Electricity retailers are acutely aware of the hardship provisions in legislation and their own requirements for the drafting and adherence to their own hardship schemes and policies. The most cost-effective strategy for any electricity retailer is to identify hardship customers quickly, move such customers to a hardship scheme and establish payment plans as soon as practicable. Whilst disconnection should always be a ‘last resort’ there are times when disconnection would be justifiable and commercially pragmatic, providing the regulatory framework has been followed meticulously to avoid disciplinary action from the various regulatory authorities.

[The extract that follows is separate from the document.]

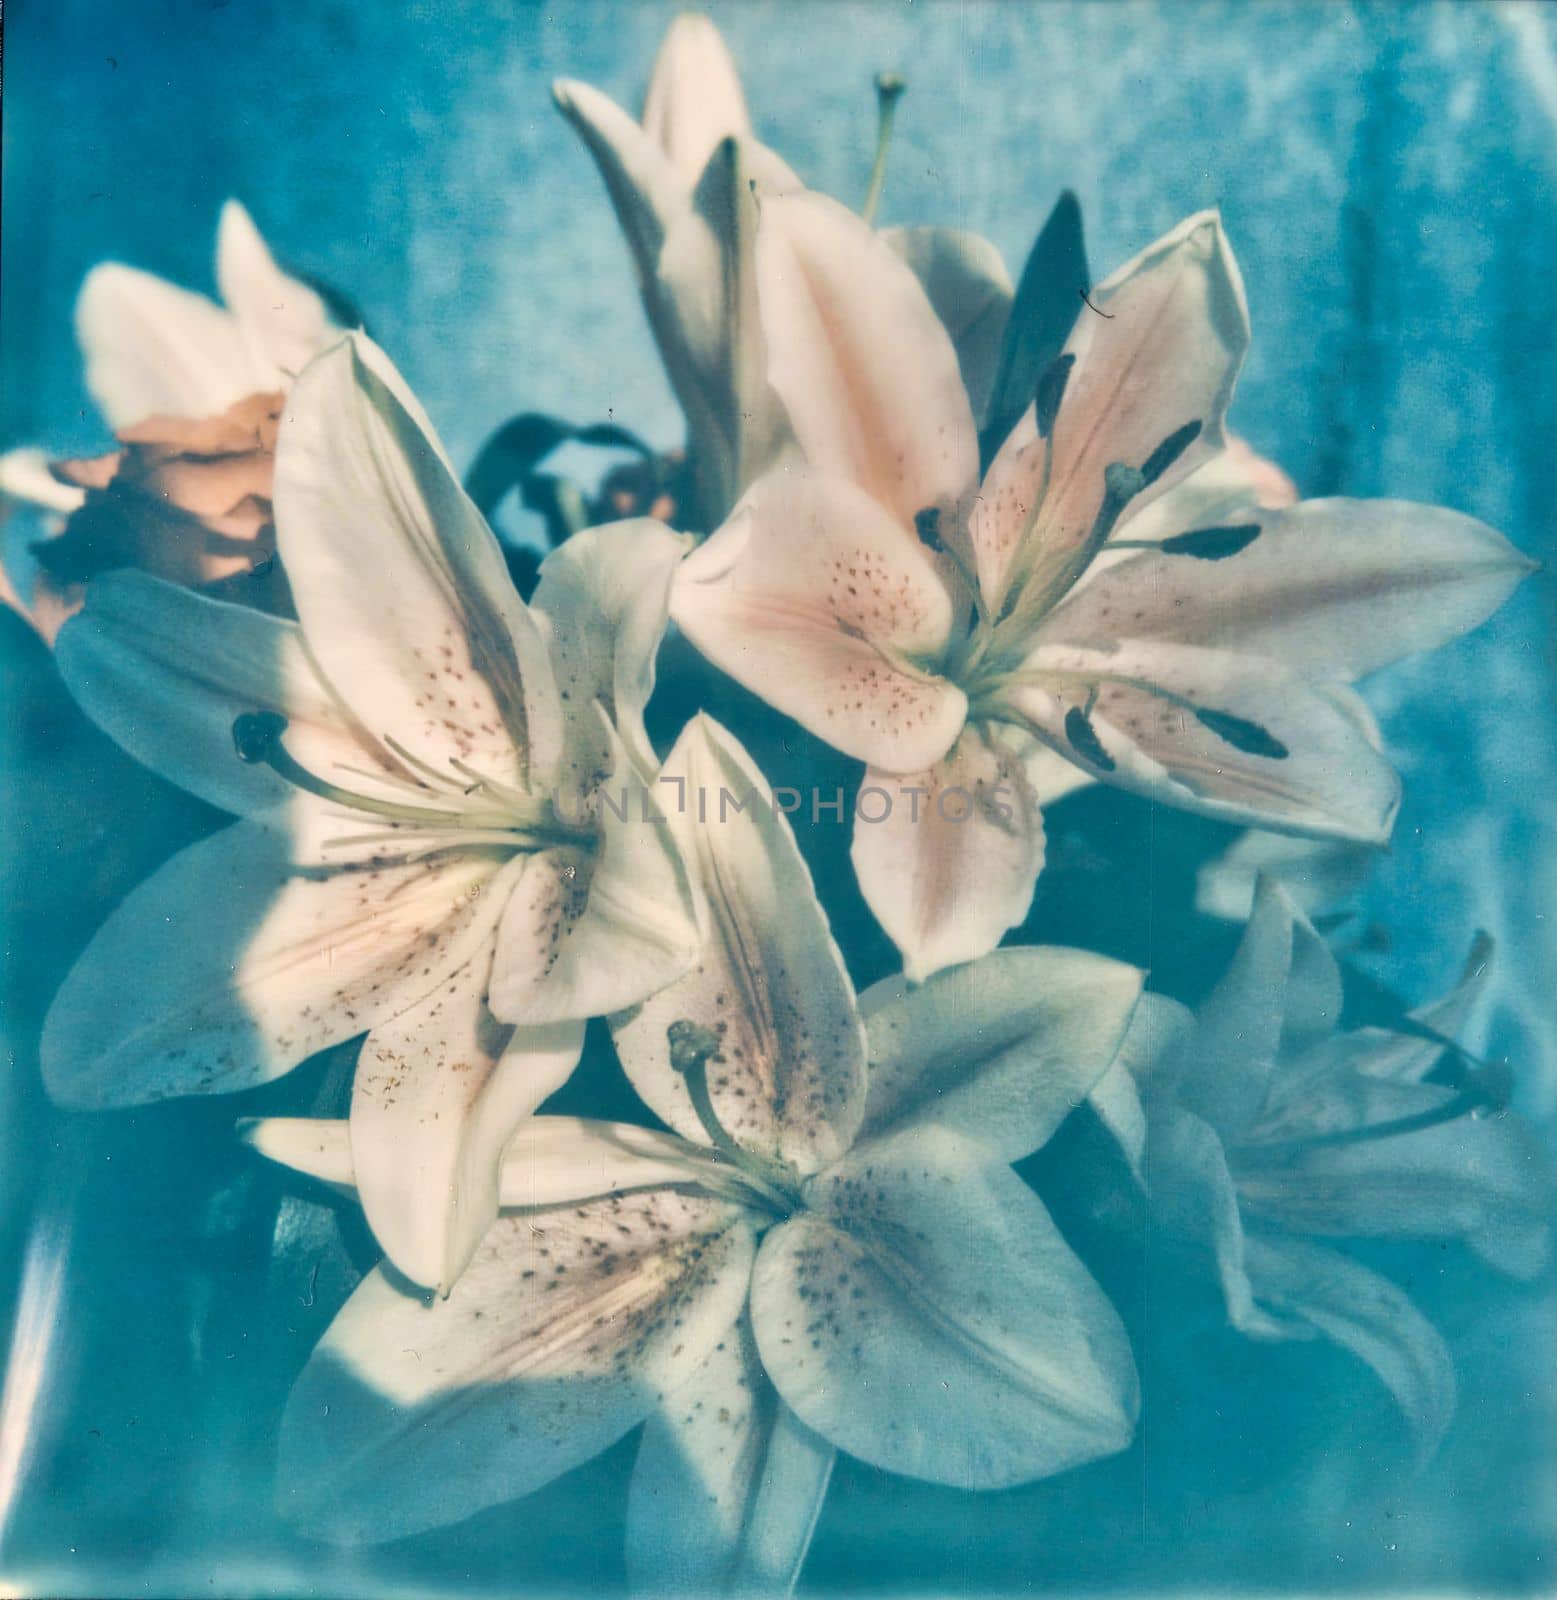 Vintage photo of garden flowers indoor. Bouquet of blue flowers. download image by igor010

It is a difficult space for retailers, particularly when customers have an existing debt and are struggling to pay their ongoing electricity needs. However, following the legislative guidelines and applying some ‘understanding’ (and being reasonable and fair) may well be the most cost- effective way of preventing debt escalation and not falling into a situation akin to that of Sumo Power.

The Sumo Fines

On 30 November 2021, the Essential Services Commission (ESC) of Victoria issued Sumo Power Pty Ltd with 100 penalty notices for wrongful disconnection under section 54H of the Essential Services Commission Act 2001.  The fines totalled $500,000. Sumo allegedly wrongfully disconnected 143 customers. The simple maths of the fines equates to $3,4960.50 per customer. Of the 143 disconnected customers, 142 were cut off before the required six-day warning and one was cut off without warning.

The ESC’s press release of 7 February 2022, stated:

Commission Chair Kate Symons says there are clear rules energy businesses must follow before disconnecting a residential or small business customer’s energy supply. 

Under Victoria’s energy rules, energy retailers must give a customer who has missed a bill and a reminder notice, a warning period of six full business days before a disconnection can occur. Victorian retailers must also act fairly and reasonably towards their customers before arranging a disconnection.

Commissioner Symons says the evidence showed 142 customers were cut-off before the required six-day warning period had expired.  Sumo failed to act fairly and reasonably towards its customers during the disconnection process as required by the rules.

Commissioner Symons said another customer was cut-off without warning, despite them actively participating in a payment plan.  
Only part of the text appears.